Folder Trees Are A Graveyard
Most knowledge workers' notes look like this: a deeply nested folder tree organized by topic. "Work / Project X / Research / Articles / 2024 / Industry / Competitive Analysis / Notes." Eight levels deep. Two hundred notes per leaf folder.
This system promises retrieval. It does not deliver. The cost of getting a note out is higher than the cost of putting it in, because retrieval requires reconstructing the categorization decision you made months ago.
Tiago Forte's PARA method (published in Building a Second Brain, 2022) is the alternative. The categorization changes from topic to action distance, and the bucket count is fixed at four.
The Four Buckets
P — Projects. Time-bounded outcomes with explicit done-criteria. "Launch the new website by Q3." "Finish thesis chapter 3 by April 30." Projects have an end.
A — Areas. Ongoing responsibilities with no end date. Standards to maintain rather than outcomes to achieve. "Health." "Finances." "Team management." Areas are forever.
R — Resources. Topics of interest, reference material. Neutral until needed. "Productivity." "Machine learning." Anything you want to refer back to but is not active.
A — Archives. Inactive everything-else. Completed projects. Resources you no longer find relevant. Searchable but not visually present.
That's it. Four buckets. Every note lives in exactly one.

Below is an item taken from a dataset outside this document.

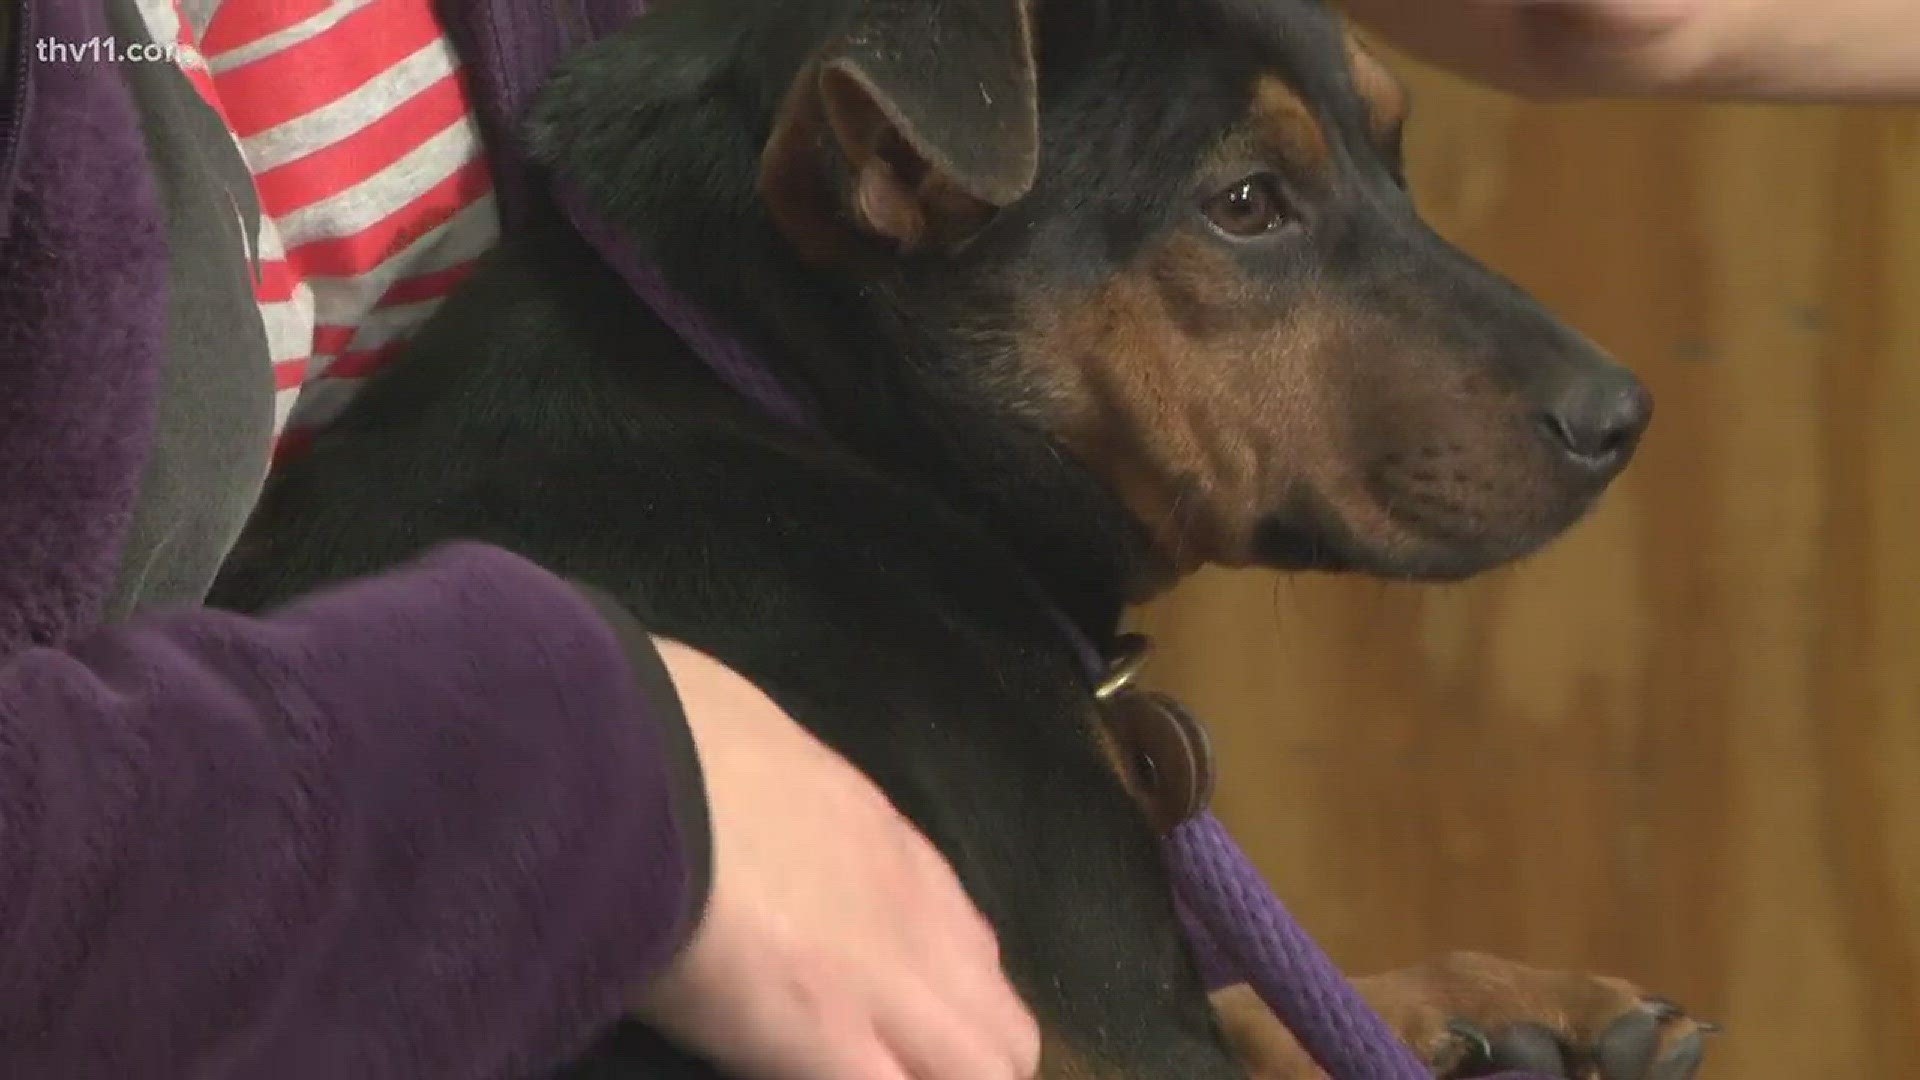 Betsy Robb from Friends of the Animal Village joined THV11 This Morning with Tucker

Why Action Distance Beats Topic
A note about "exercise" could go in:
- Projects if you are training for a marathon
- Areas if it is part of your ongoing health practice
- Resources if you are interested in exercise science generally
- Archives if you used to run but no longer do
Notice that the topic ("exercise") did not tell you where the note belongs. The action distance did. That decision is fast because it depends on your current life, not on a remembered taxonomy.
Compare to the folder tree: "I think it was under Work, or maybe Personal, definitely 2024..." Twenty checks, mostly failing.
The Critical Move: Projects Drive Everything

The hidden insight in PARA is that Projects are the most-active bucket and should drive your daily attention. Areas are slower-moving. Resources are passive. Archives are inactive.
Your daily workflow should mostly see Projects. Areas show up weekly for review. Resources show up when you need them. Archives almost never show up.
The Project Migration Pattern

When a project completes:
- Reusable assets (templates, frameworks) move to Resources.
- Standards that emerged move to relevant Areas.
- The remaining specifics move to Archives.
After migration, Projects contains only active work. This keeps the active workspace small.
What People Get Wrong
1. Too many projects. Aspirations as projects ("write a book") instead of bounded outcomes ("complete first draft of chapter 1 by Feb 15"). 2. Confusing Areas and Projects. "Get healthier" is an Area. "Run a half-marathon by May" is a Project. 3. Resources as dumping ground. Be selective. If you wouldn't deliberately re-read this in a year, archive it.
What TaskCoach.AI Does With This
The Spaces feature is PARA's "Projects" bucket as a first-class concept. Each Space is a project container — goals, tasks, calendar, focus sessions, notes specific to that project.
Habits sit in the "Areas" layer — ongoing standards rather than time-bounded outcomes. The Notes system supports the Resources layer with its second-brain knowledge graph. The Archive function moves completed Spaces aside.
The architecture mirrors PARA on purpose.
The Bottom Line
Four buckets. Action distance, not topic.
Projects = time-bounded outcomes. Areas = ongoing standards. Resources = topics of interest. Archives = inactive everything-else.
If your notes are a graveyard, the topic-tree was the problem. Re-categorize by action distance and the graveyard becomes a library.